SIMD-0088
Enable Core BPF Programs
TL;DR
This proposal introduces the concept of Core BPF programs: programs which are essential to network operations. Currently, these exist as built-in programs known as "native" programs. This SIMD details the process by which existing native programs can be ported to Core BPF, as well as the process for introducing brand-new Core BPF programs.
Summary
This proposal introduces the concept of Core BPF programs: programs which are essential to network operations. Currently, these exist as built-in programs known as "native" programs. This SIMD details the process by which existing native programs can be ported to Core BPF, as well as the process for introducing brand-new Core BPF programs.
Motivation
BPF programs offer less complexity than native programs for other clients, such as Firedancer, since developers will no longer have to keep up with program changes in their runtime implementations. Instead, the program can just be updated once. For this reason, it makes sense to introduce the concept of Core BPF programs: BPF programs the network depends on that should be treated with special care.
Key Changes
- Core BPF Program: A BPF program relied on by any part of the Solana stack, including (but not limited to) consensus, transaction processing, voting, staking, and account creation.

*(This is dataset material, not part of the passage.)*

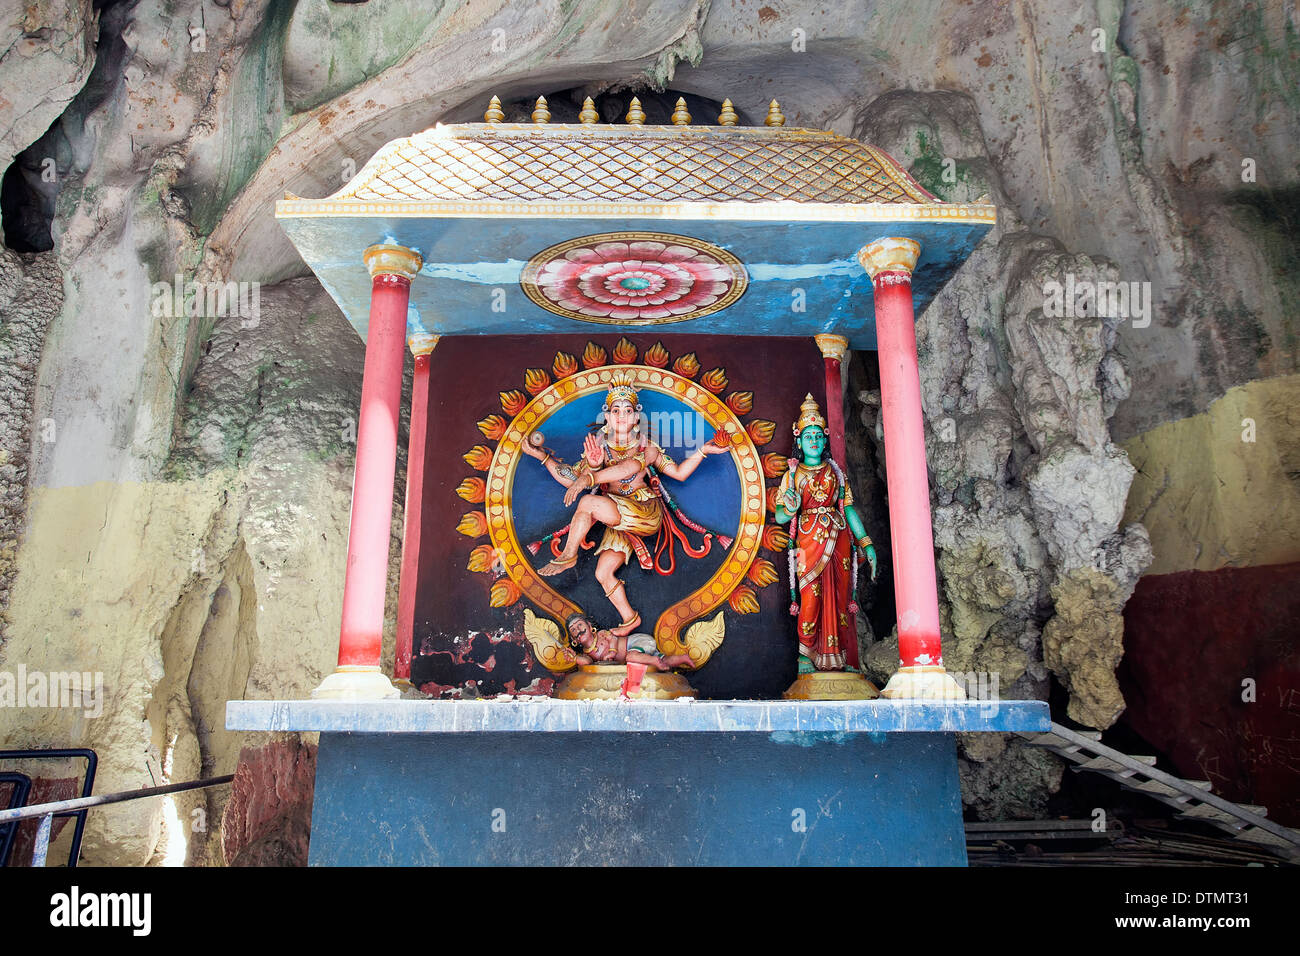 Shrine with Statue of Indian Hindu Dancing God Shiva Nataraja at Batu Caves in Malaysia Stock Photo

- The interface for the program
- A precise and complete specification of its behavior
- How any required special privileges will be granted to the program in its BPF form
- Whether or not this program will be an upgradeable or non-upgradeable BPF program
- How this changes to this program will be managed after it becomes BPF
- Verifiably build the ELF of the BPF implementation.
- Generate a new keypair for the source buffer account.
- Create the buffer account and write the ELF bytes to it.
- Generate a new keypair for the feature gate.
- Create a new feature gate to replace the target program with the source buffer.
- Follow the existing process for activating features.
Impact
With this change, validator clients would no longer be required to implement changes to essential programs. Instead these programs could be updated just once. This reduces some engineering overhead on validator teams.
Backwards Compatibility
This proposal itself does not directly introduce any breaking changes. The code introduced to migrate native programs to core BPF programs will exist off of the runtime's "hot path" until it's actually used for a migration. When a migration is conducted, the BPF version of a native program will be absolutely backwards compatible *functionally*. Its BPF version must provide the exact same results as the original native program it aims to replace. However, since BPF programs cannot precisely match the compute meter and other resource limits of their original native counterparts, some of these metrics may be slightly different when a native program becomes BPF, thereby affecting backwards compatibility in that regard. Additionally, once a native program has been migrated to core BPF, the process by which this program is upgraded will not be backwards compatible. Core contributors must follow the upgrade process outlined in each program's migration SIMD.
Security Considerations
This proposal establishes the concept of relying on BPF programs that are not built into the runtime for essential cluster operations. Depending on how these programs are elected to be upgraded, there are some obvious security considerations around who can upgrade these programs and when. Any new Core BPF program should follow a fully-fledged SIMD process addressing these concerns. When it comes to migrating native programs to core BPF, this change introduces a serious security consideration surrounding the replacement of an essential program with the contents of another account. This is an extremely sensitive process that must be handled with maximum caution. If a core program is reimplemented incorrectly, or somehow erased during migration, it could have immediate and fatal consequences for the network.